Location: Newdegate Square, Nuneaton, Warwickshire.
George Eliot (1819-1880) was the pseudonym adopted by Mary Ann Evans in order for her writing to be taken seriously and published at a time when the idea of a female author would have met with disapproval. For more detail of her life see previous entry. This is a second bronze cast of the statue in Newdegate Square, Nuneaton, Warwickshire.
Location: George Eliot Hospital, Nuneaton, Warwickshire.
Dame Millicent Fawcett
Dame Millicent Garrett Fawcett, GBE (1847–1929) was a politician, writer and feminist, who campaigned for women’s suffrage through legal change and was not a militant. From 1897 to 1919, she led the National Union of Women’s Suffrage Societies (NUWSS), which was Britain’s largest women’s rights association. The statue portrays Fawcett holding a banner reading ‘COURAGE/CALLS TO/ COURAGE/EVERYWHERE’. It was commissioned as part of the year centenary celebrations of the 1918 Representation of the People Act, which gave some women over the age of thirty, who met certain property requirements, the right to vote.
This is the first statue of a woman to be erected in Parliament Square.
Location: Parliament Square, London SW1.
Dame Gracie Fields
Dame Gracie Fields, DBE (1898-1979) was an actress, singer and comedian.
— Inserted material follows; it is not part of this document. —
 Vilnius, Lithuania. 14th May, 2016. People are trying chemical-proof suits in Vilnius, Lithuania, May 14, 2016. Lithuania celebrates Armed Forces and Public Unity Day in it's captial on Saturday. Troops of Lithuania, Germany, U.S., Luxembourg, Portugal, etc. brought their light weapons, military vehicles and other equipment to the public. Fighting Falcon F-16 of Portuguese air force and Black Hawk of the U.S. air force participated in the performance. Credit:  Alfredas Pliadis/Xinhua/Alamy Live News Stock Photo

This bronze statue was unveiled in September 2016 to local acclaim. Rochdale was Fields’ hometown, and although she retired to the island of Capri in Italy, she never forgot her roots and often returned.
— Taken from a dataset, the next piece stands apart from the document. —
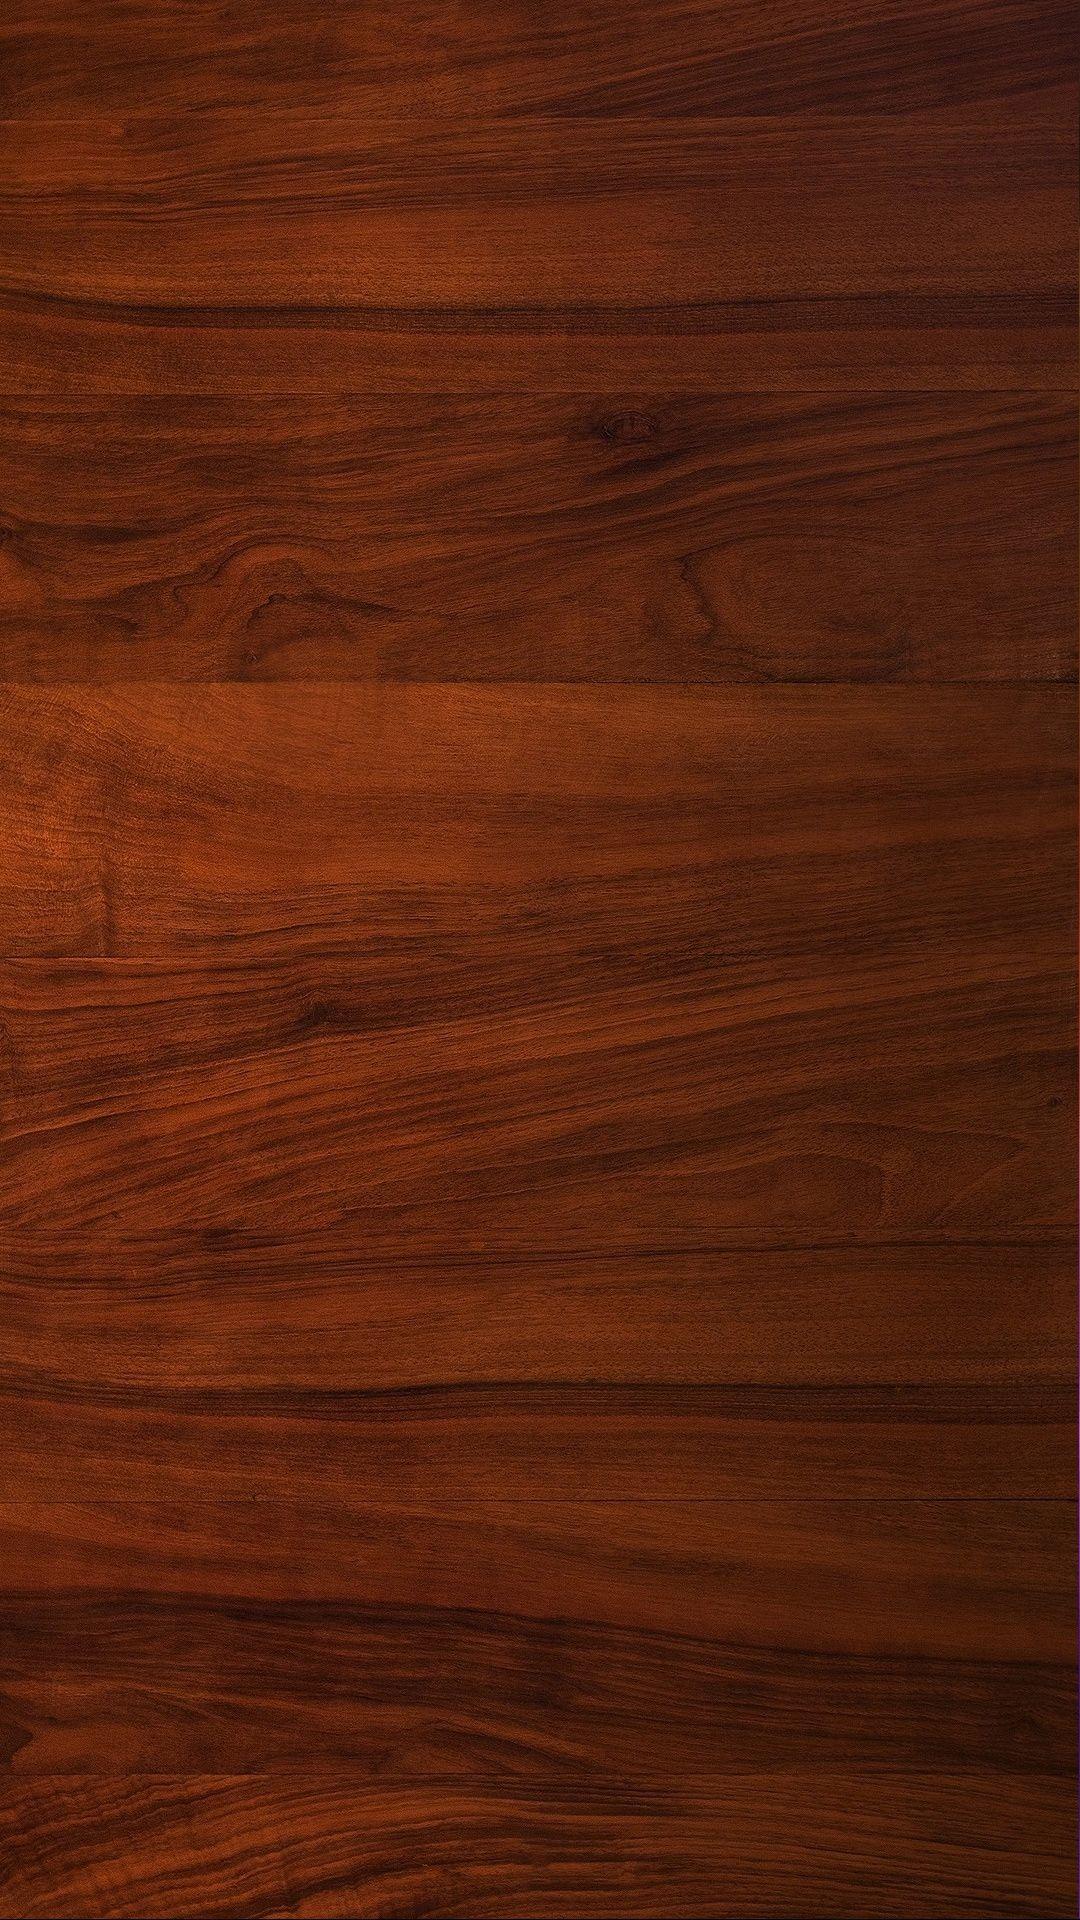 Cherry Wood Pattern Texture Android Wallpaper free download

This statue is believed to be the first statue of a woman erected in Greater Manchester for over 100 years.
Location: Town Hall Square, Rochdale, Lancashire.
Dame Margot Fonteyn
Dame Margot Fonteyn, DBE (1919-1991), prima ballerina. The statue depicts her as the water sprite, Ondine, which was her favourite role. She was professionally paired for some years with the Russian dancer, Rudolf Nureyev. Fonteyn was President of the Royal Academy of Dancing. The bronze was unveiled by Fonteyn herself in 1980, it was commissioned by her international fans. Fonteyn was born in Reigate to a half-Brazilian mother and an English father.
Location: Outside Watson House, London Road, Reigate, Surrey.
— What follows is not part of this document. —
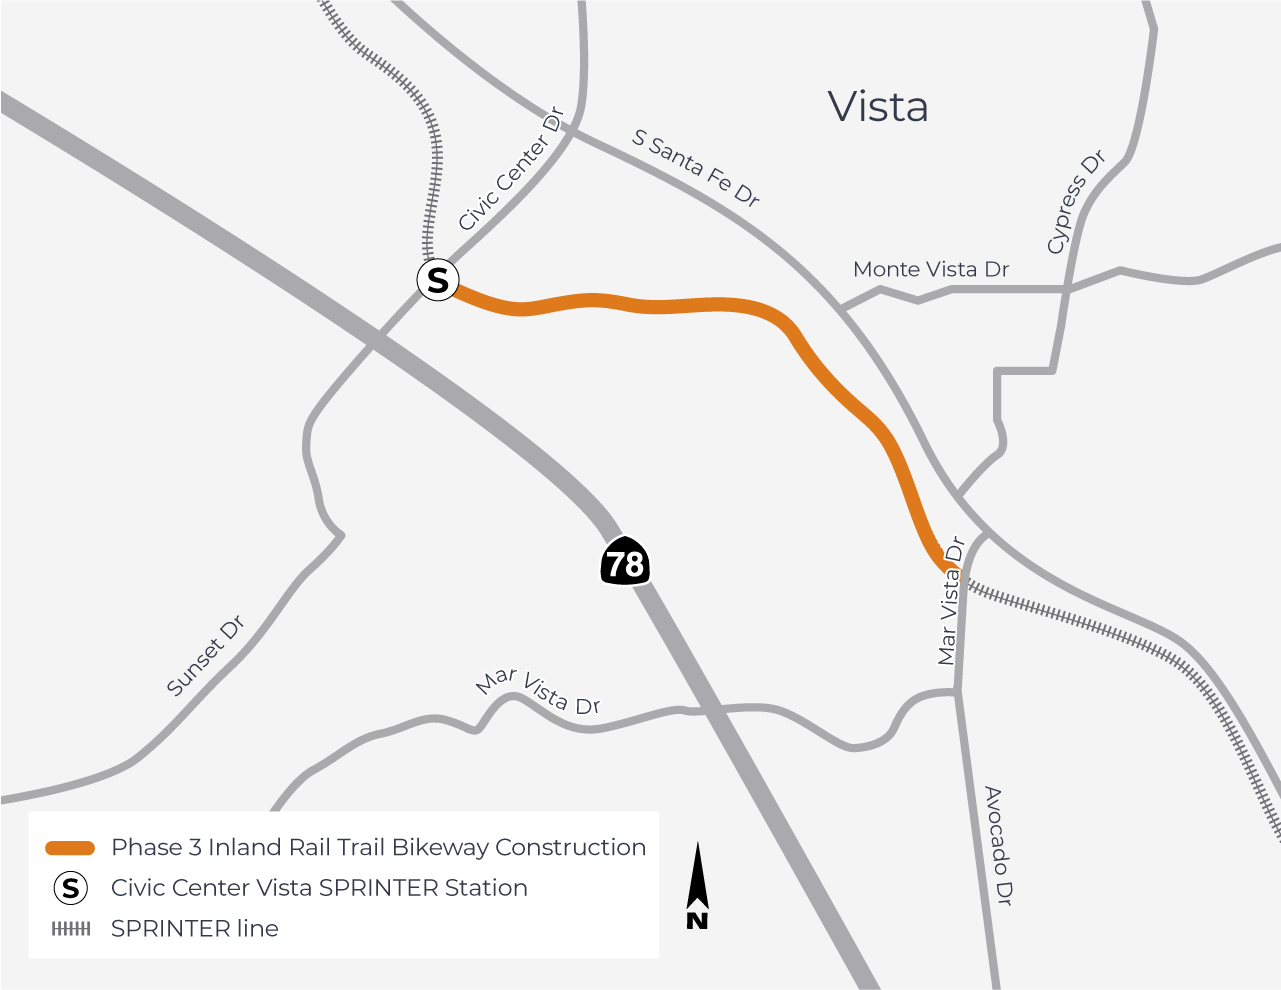 Inland Rail Trail Bikeway Phase 3 Construction map showing one mile of construction from Mar Vista Drive in the south, to Civic Center Drive in the north, ending right at the Civic Center Vista SPRINTER Station. The SPRINTER line continues up the north and south side of the 1 mile construction area.

Dame Elisabeth Frink (1930-1993), sculptor and printmaker. This sympathetic portrait statue by a fellow artist was purchased by the Harlow Art Trust in 1957, the year after it was cast. In its listing of the work Historic England notes that it is unusual to find a public sculpture of a woman artist at this date and that it was an early acquisition by the Harlow Art Trust. They further point out that the statue is ‘a rare full figure portrait sculpture by this significant C20 artist.’
Location: West Walk, Harlow, Essex.
Elisabeth Frink (1930-1993), sculptor and printmaker. A second cast of the Harlow statue, this bronze was made using the original moulds in 1965. This statue was shown at the Herbert Gallery in an exhibition called ‘Metamorphosis’. It was then placed on permanent display outside the entrance in 1966.
Location: Outside Herbert Gallery, Coventry, West Midlands.
Ekaterine (Kate) Frolov
Ekaterine (Kate) Frolov (1986-2000), a poignant memorial to a fourteen year old Russian girl, who was studying English at a language school in the town. She died when she fell from nearby cliffs in the fog. Her family erected this bronze statue which stands over Ilfracombe Bay in 2009.
Location: Capstone Hill, Ilfracombe, Devon.
Elizabeth Fry (1780-1845), prison and social reformer, and philanthropist. This marble statue was erected in 1912 in the Old Bailey, which is the site of the former Newgate Prison.
Location: Grand Hall of the Old Bailey, London EC4.